Many data breaches are simply the result of human error. It can be sending sensitive information to the wrong person or failing to shred confidential documents that end up in the wrong hands.

 

Losing or failing to secure devices such as laptops, tablets, smartphones, and thumb drives are another way that employees put your firm’s data at risk. Likewise, your network is vulnerable when employees log in remotely using public WIFI as well as their home WIFI.
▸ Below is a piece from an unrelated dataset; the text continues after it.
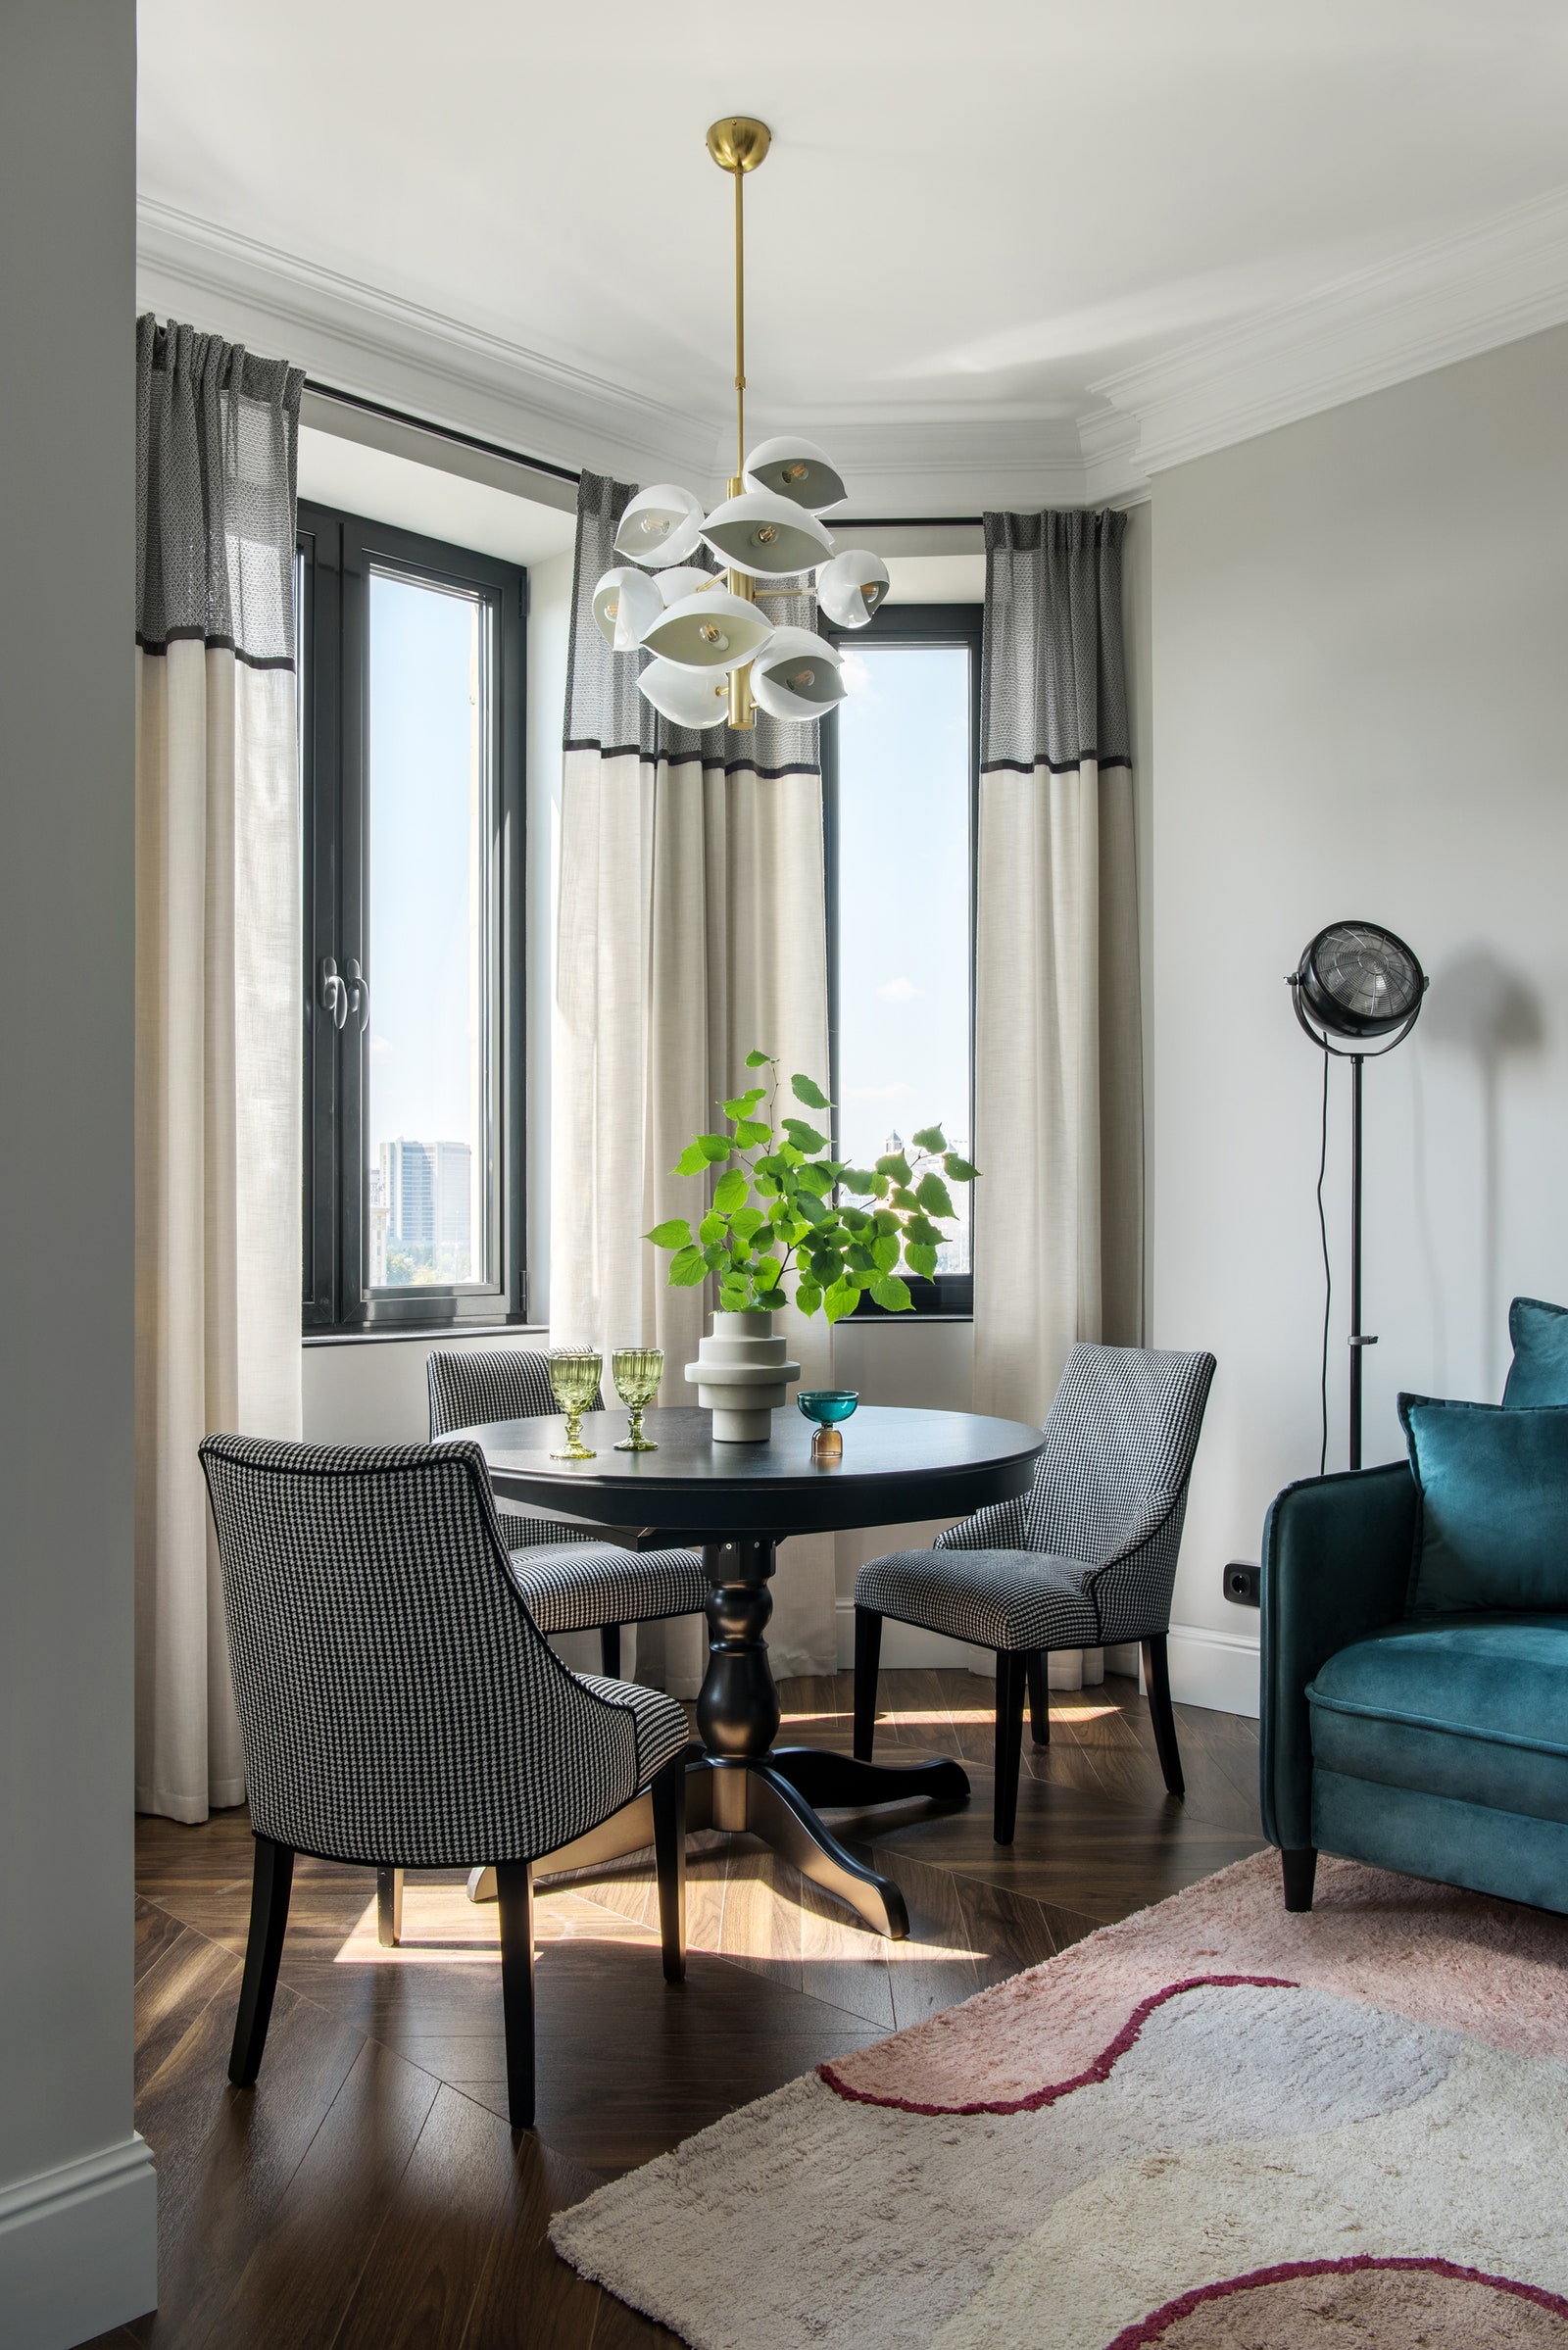 Столовая группа. Обеденный стол IKEA стулья сделаны на заказ Full House люстра над обеденным столом Cosmo шторы “Нью...

And, while we don’t like to think there are any bad actors in our firm, there is also the possibility of an employee intentionally leaking, stealing, or deleting client data for reasons such as revenge, financial gain, blackmail, or even mental instability. Fortunately, malicious insider threats are not very common.

UP NEXT

 

In our next blog, we’ll look at the ramifications of a data breach for your law firm.

 

UNTIL THEN: What Does 756 Gigabytes of Data Look Like?

 

Back to our last blog and the Grubman breach/ransomware attack. The hackers stole 756 gigabytes of data including “contracts, agreements, NDA, confidential information, court conflicts [and] internal correspondence with the firm.”

 

Given the different categories of data, it’s hard to quantify how many printed pages would result from 756 GB. For example, 1 GB would be roughly 100,000 pages of email, nearly 65,000 pages of Word files and almost 15,500 pages of images.

 

For reference, there are approximately 250 sheets of paper in an inch, so a foot would be 3000 pages. That makes a stack of 100,000 pages of email approximately 33 feet. Let’s look at some examples to visualize data amounts, assuming it is all printed email.

 

• 1 GB of printed email would be as tall as the columns of the Lincoln Memorial (we finally got to the headline reference!). But, there’s more. It would also stack up to Bebot in Philadelphia, the Trans Am Totem in Vancouver, the Looking Up sculpture in Austin, and the world’s largest office chair in Anniston, Alabama.
• 500 GB of these pages (16,500 feet) would just surpass the elevation of Ecuador’s Tungurahua Volcano at 16,480 feet.
• 750 GB of hardcopy emails would reach the top of Skyang Kangri in Pakistan, the world’s 36^th highest peak at 24,750.
• 1000 GB or 1 terabyte of email pages would get you to a cruising altitude of 33,000 feet, or the distance Vesna Vulovic fell from an exploding airplane without a parachute in 1972…and lived!
• The Panama Papers hack we mentioned earlier resulted in the leak of 2.6 TB of data. That’s 2,600 Bebots!